__AIM OF THE TASK__. Entries follow. Give back exactly the lines starting at the one containing "formato oval horizontal" and ending at the one containing "Weiland Nevelig Spreek", and no other lines.

__Records from a collection__.
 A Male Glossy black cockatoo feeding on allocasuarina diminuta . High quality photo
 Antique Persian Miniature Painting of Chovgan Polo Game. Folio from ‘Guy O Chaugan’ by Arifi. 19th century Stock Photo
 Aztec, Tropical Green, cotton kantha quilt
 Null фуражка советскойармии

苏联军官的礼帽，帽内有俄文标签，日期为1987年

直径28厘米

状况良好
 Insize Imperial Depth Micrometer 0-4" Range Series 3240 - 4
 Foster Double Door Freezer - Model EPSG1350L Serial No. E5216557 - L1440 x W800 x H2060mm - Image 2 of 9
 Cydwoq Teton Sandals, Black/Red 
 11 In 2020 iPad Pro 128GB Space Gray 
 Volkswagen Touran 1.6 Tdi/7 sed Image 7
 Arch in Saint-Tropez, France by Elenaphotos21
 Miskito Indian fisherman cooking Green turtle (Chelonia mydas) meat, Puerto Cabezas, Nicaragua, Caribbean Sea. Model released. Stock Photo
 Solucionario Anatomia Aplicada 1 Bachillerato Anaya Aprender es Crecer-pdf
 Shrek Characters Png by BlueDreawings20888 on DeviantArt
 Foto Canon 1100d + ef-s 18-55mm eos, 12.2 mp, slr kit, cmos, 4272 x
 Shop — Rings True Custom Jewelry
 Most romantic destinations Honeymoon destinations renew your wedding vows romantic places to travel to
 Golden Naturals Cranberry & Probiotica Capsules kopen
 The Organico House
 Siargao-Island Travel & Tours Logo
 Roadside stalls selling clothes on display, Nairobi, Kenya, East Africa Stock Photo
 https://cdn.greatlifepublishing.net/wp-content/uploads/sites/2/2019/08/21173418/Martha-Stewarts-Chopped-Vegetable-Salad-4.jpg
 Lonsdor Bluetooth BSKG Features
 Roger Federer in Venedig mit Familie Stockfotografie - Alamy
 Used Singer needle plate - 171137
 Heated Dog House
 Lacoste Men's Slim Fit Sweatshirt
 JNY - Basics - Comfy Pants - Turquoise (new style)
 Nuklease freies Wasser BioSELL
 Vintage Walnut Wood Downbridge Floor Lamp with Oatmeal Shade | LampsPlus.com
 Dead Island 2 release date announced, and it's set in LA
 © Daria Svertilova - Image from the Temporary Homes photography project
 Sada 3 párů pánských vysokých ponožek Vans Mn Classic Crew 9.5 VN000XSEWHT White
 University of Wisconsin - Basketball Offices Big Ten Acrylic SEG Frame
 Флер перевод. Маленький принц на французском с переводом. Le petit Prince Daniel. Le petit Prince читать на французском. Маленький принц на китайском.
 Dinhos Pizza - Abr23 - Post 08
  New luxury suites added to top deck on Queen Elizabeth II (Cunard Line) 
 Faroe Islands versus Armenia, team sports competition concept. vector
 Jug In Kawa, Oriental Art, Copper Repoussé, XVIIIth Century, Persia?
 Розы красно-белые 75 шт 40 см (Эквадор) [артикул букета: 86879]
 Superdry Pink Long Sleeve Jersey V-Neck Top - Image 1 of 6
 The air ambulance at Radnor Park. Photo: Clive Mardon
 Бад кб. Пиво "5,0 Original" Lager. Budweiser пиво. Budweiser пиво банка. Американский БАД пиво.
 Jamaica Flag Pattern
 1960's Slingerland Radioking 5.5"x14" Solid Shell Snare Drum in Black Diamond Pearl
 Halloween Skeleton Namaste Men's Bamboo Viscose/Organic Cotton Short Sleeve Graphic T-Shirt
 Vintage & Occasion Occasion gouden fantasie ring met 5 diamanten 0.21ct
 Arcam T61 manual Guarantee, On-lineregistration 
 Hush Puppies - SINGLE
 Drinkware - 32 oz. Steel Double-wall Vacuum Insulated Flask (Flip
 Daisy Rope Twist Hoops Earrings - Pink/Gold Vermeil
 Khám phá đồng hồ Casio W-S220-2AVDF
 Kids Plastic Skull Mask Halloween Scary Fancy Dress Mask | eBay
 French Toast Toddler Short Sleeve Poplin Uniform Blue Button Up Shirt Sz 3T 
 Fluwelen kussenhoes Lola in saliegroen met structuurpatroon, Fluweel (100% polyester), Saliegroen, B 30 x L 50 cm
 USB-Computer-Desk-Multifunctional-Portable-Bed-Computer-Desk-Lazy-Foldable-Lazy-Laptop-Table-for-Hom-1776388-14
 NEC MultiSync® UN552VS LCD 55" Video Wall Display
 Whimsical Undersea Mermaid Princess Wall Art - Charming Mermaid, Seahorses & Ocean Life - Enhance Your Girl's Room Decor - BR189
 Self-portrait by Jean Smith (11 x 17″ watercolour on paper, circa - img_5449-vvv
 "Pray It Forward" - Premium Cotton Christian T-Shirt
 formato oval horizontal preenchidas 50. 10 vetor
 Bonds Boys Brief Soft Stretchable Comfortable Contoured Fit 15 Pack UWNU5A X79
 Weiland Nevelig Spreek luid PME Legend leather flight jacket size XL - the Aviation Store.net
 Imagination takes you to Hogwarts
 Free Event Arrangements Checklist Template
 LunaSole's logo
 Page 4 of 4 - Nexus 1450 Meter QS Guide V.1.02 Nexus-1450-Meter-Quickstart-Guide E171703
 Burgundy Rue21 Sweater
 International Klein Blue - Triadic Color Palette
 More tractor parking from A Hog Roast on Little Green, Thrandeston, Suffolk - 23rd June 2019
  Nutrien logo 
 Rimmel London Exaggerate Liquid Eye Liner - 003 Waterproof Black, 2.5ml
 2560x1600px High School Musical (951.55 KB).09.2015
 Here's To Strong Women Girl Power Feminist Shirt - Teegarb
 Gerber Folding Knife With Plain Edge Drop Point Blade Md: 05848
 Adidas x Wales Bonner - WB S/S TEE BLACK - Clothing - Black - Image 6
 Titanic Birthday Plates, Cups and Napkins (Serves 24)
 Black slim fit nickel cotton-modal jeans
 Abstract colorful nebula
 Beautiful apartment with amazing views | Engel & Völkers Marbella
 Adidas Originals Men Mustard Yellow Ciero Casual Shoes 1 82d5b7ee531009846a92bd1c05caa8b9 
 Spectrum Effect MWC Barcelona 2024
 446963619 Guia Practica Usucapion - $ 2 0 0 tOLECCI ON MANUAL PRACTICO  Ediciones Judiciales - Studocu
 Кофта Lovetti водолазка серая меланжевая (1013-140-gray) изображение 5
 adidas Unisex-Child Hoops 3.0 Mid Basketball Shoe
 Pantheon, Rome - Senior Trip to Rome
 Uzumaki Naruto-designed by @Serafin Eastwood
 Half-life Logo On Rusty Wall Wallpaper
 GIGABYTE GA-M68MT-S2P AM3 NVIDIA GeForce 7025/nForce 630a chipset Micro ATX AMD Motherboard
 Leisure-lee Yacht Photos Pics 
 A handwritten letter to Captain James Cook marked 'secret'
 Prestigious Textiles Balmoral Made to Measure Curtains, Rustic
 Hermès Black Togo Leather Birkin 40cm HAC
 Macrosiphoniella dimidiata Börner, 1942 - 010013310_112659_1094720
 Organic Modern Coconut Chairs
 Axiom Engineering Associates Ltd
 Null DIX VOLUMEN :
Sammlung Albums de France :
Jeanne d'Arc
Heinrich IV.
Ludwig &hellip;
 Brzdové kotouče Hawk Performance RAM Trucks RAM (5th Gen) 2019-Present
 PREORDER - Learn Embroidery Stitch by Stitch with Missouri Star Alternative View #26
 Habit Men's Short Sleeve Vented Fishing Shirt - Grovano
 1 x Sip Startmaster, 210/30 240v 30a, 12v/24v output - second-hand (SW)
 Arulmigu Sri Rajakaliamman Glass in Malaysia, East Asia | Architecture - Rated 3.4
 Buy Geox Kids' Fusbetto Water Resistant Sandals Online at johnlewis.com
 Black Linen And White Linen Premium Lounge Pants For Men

__ANSWER TO THIS TASK__.
 formato oval horizontal preenchidas 50. 10 vetor
 Bonds Boys Brief Soft Stretchable Comfortable Contoured Fit 15 Pack UWNU5A X79
 Weiland Nevelig Spreek luid PME Legend leather flight jacket size XL - the Aviation Store.net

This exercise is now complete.